The US government posted a $3 billion budget surplus in January. Yes, you read that right. For the first time since 2008, the government collected more revenue than it spent. Although this tiny monthly surplus does little to reverse the $290 billion deficit accumulated since October 2012, the fact that there was a monthly surplus at all, suggests that fears of a runaway deficit might be overblown, in our view. Indeed, the nonpartisan Congressional Budget Office (CBO) estimates the budget deficit will shrink this fiscal year from $1.1 trillion to $845 billion, or 5.3% of gross domestic product (GDP), the smallest annual budget deficit since 2008.
A closer review of the US Treasury’s monthly statement reveals that the government collected $272 billion in receipts and paid out $269 billion, producing a $3 billion dollar surplus during the month of January. This compares to a $27 billion deficit in January 2012. The year-over-year difference was largely due to higher income taxes and payroll taxes, which were offset by a modest increase in government spending. For example, personal income taxes, which represent 57% of budget receipts, rose by $22.5 billion, or 17%, likely benefiting from year-end bonuses and special one-time dividends paid in December. Additionally, Social Security payroll taxes, which represented 24% of total receipts, grew $9 billion, or 16%. This is due to the 2% increase in payroll taxes that were reinstated at the start of January, after the two-year holiday expired.
Meanwhile, government spending or outlays rose by just $7.5 billion or 3% year-over-year. The biggest surge came from the Department of Health and Human Services (27% of outlays), which reported a 14%, or $9 billion increase in spending. Medicaid grants to states and supplemental medical insurance benefits drove the lion’s share of this increase. The Department of Defense, which represents 19% of the budget, saw spending increase 7% or $3.5 billion, despite ongoing fears of sequestration, or automatic spending cuts. Recall that defense spending represents about half of the reductions under the Budget Control Act, which was supposed to be triggered at the start of the year, but was postponed to March 1st.

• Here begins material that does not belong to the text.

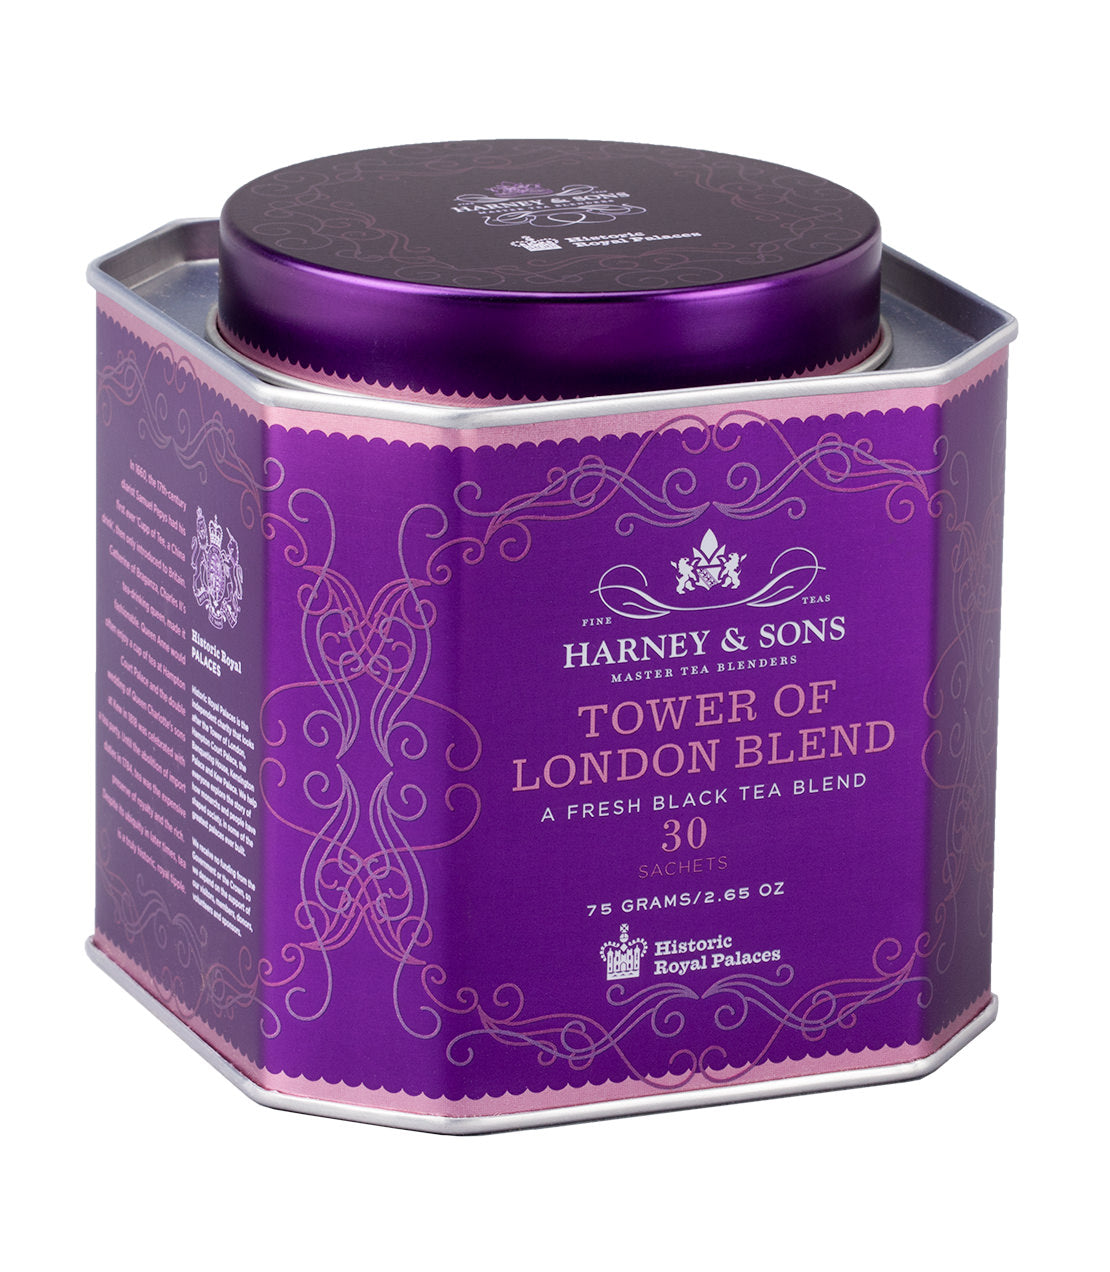 Tower of London Blend, HRP Tin of 30 Sachets

According to the Congressional Budget Office, the US budget deficit may be cut in half and dip below $500 billion by 2015. This assumes that GDP expands from a projected 1.4% increase this year (vs. 1.9% in 2012) to 3.4% in 2014, while the unemployment rate dips from an average of 7.8% in 2012 to under 7% by 2015. Further out, however, the picture isn’t as rosy. An aging population, rising healthcare costs, and growing interest payments on the federal debt will put pressure on the budget. As a result, the CBO anticipates the deficit could begin to steadily rise again in 2016 and approach the $1 trillion mark by 2023. In other words, the near-term budget problems might not be as bad as the media portrays, but we haven’t escaped the long-term challenges.